To great fanfare analysts welcomed the VC fundraising data for 2011. You must be kidding me. According to VentureWire (published by Dow Jones), apparently there were 135 funds which raised $16.2 billion in 2011, as compared to 154 in 2010; Thomson Reuters/NVCA counted $18.2 billion raised by 169 funds in 2011, of which 49 were first-time funds. The NVCA identified 38 funds which raised $5.6 billion in 4Q11 alone. Of those 38 funds, 9 were “first time” funds and 4 were over $1 billion in size. Not bad you say.
So here is what the analysts don’t say. Let’s stay with the VentureWire data: of the $16.2 billion raised in 2011, $10.5 billion of that was raised by only 15 firms. That means 120 firms raised the remaining $5.7 billion for an average fund size of less than $50 million. That does not make sense to me. It certainly did not feel that robust to me and I am in the market every day.
But what does make sense to me is that the VC industry is both rapidly contracting and concentrating around a small fraction of the firms in the industry.
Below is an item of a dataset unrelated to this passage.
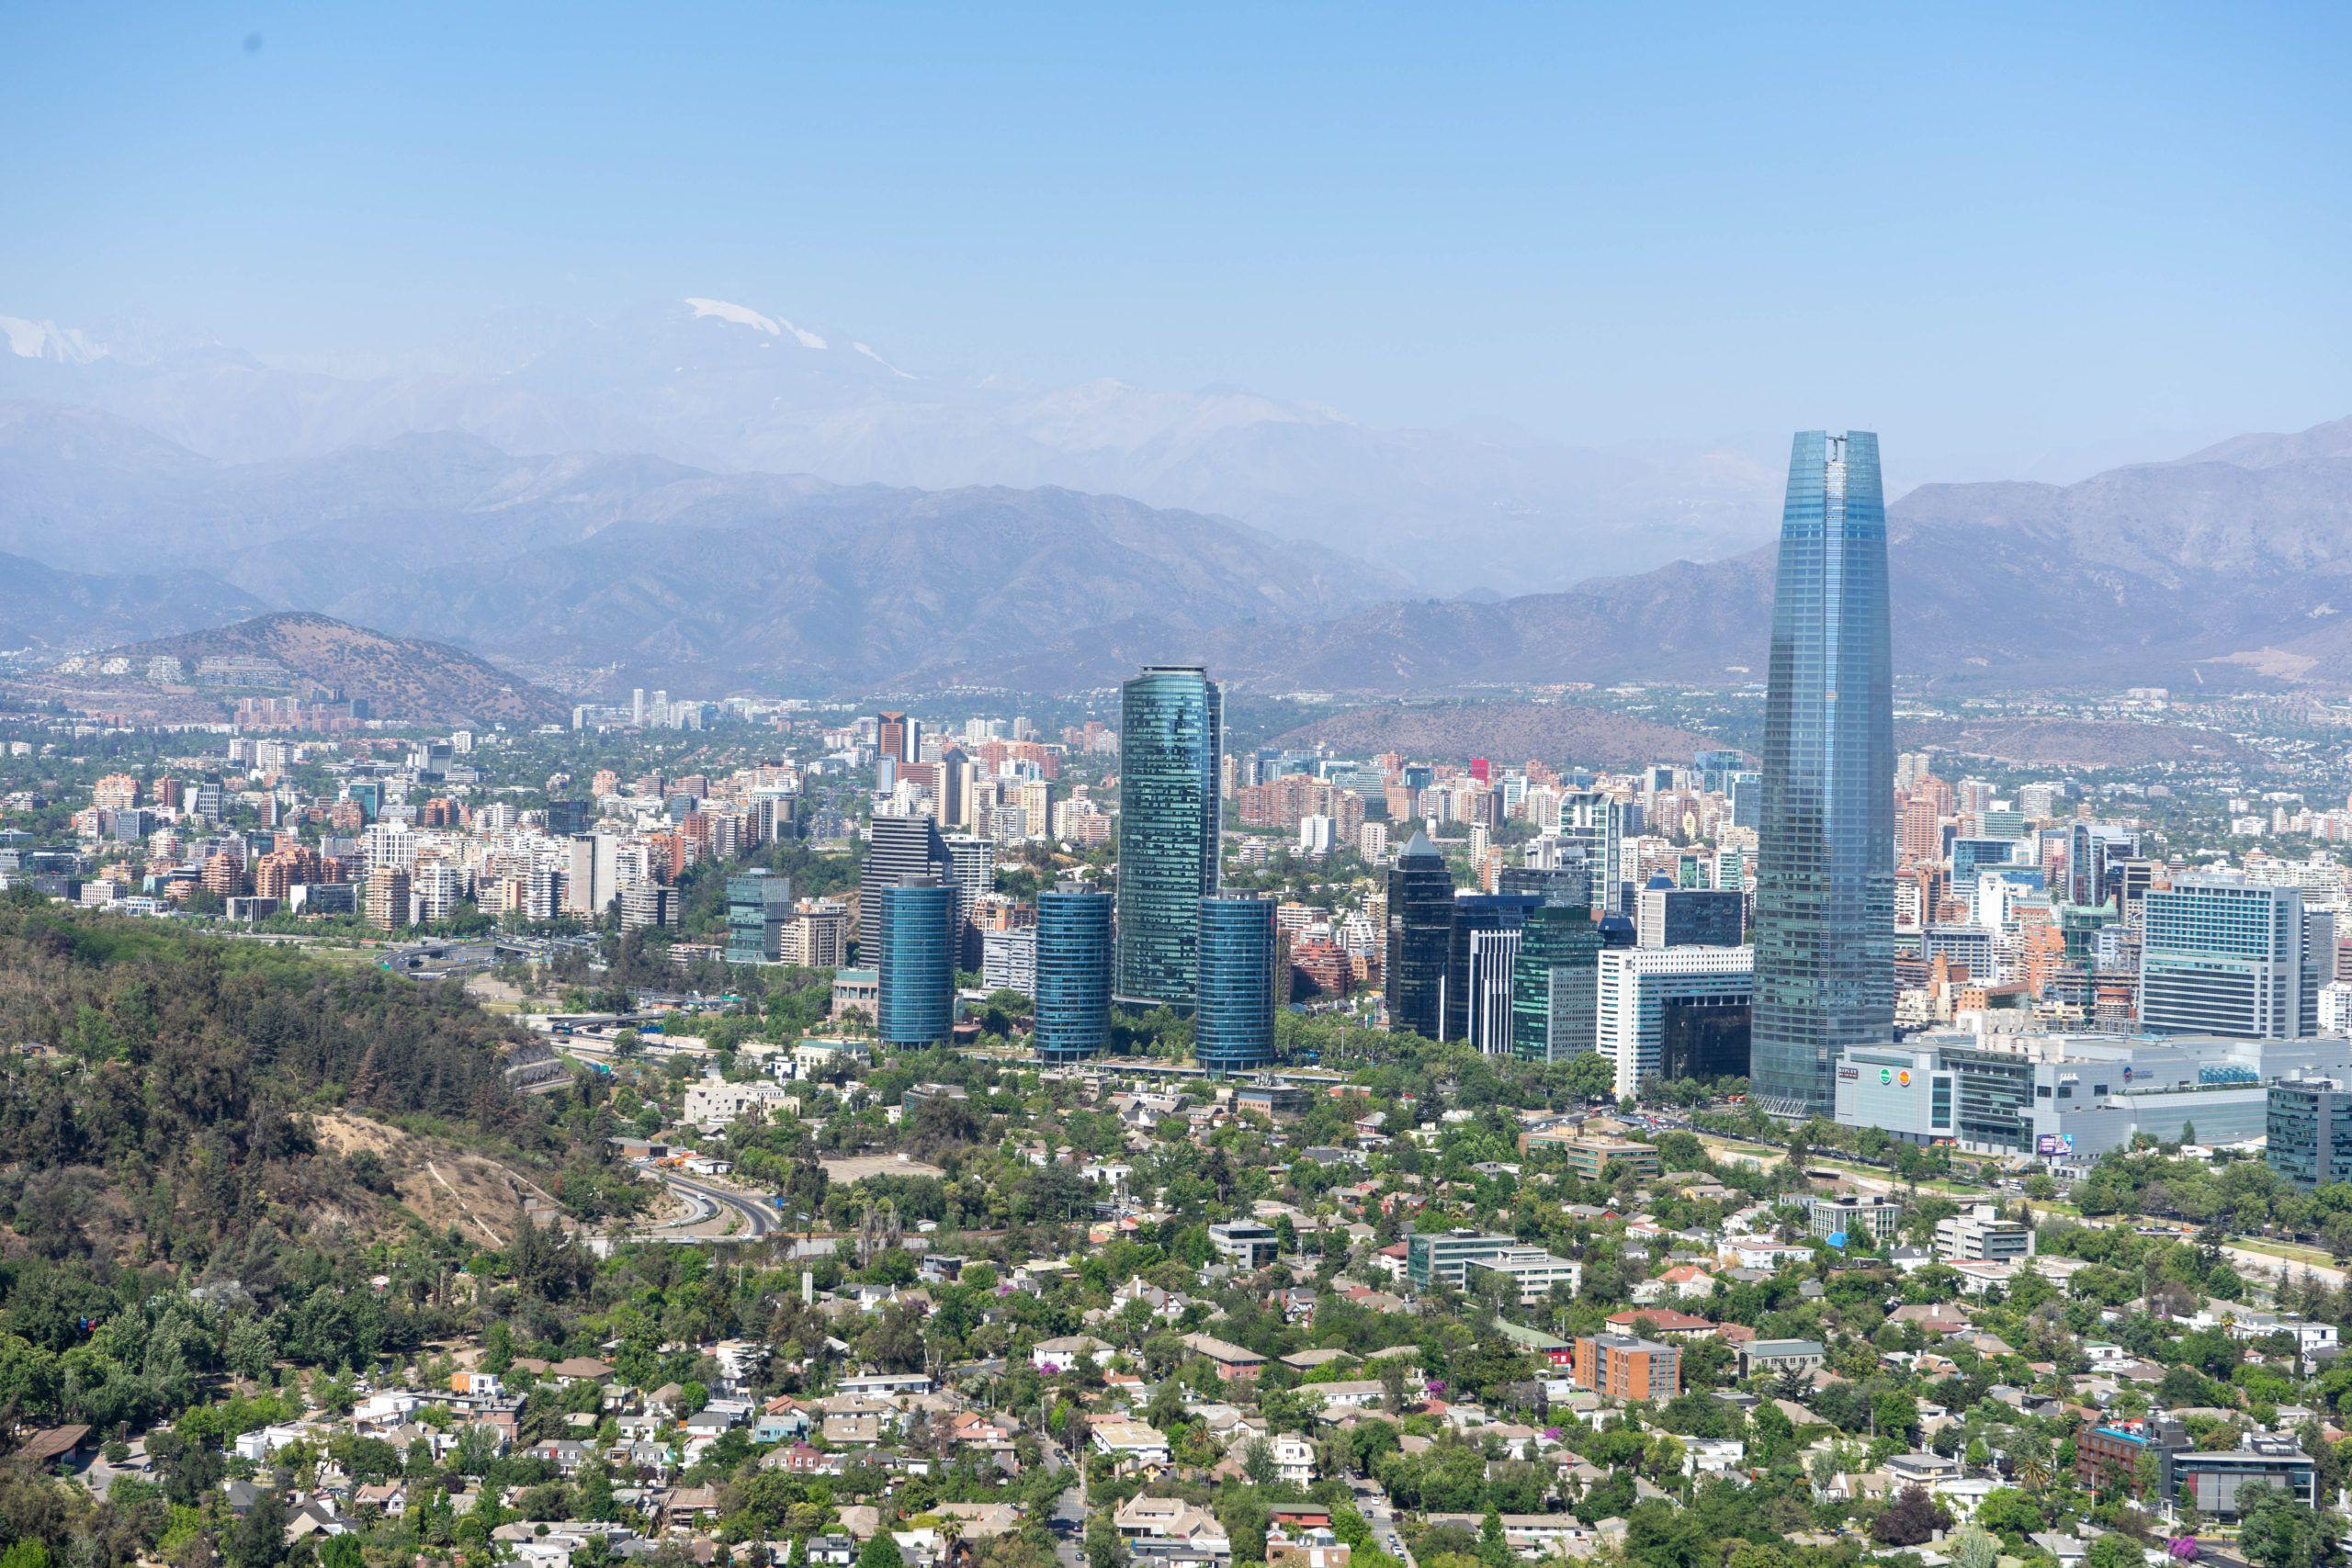 Quelle est la capitale du Chili?

The NVCA counts over 400 active members and presumes to represent more than 90% of the capital under management today. My guess is well below a 100 firms nationally can predictably raise a new fund in this environment.
Other NVCA data to ponder: in 2007, 237 funds raised $31.1 billion; in 2008 those numbers were 212 raised $25.9 billion; 2009 – 161 raised $16.4 billion; 2010 – 169 raised $13.8 billion – a five year low point which coincided with 10-year VC industry return numbers being negative. This year showed an upturn in overall dollars raised but it was driven by fewer, larger firms. Now that the 10-year industry returns data is once again positive, hopefully dollars will flow back into the VC industry.
What do you make of this? Is it good for entrepreneurs?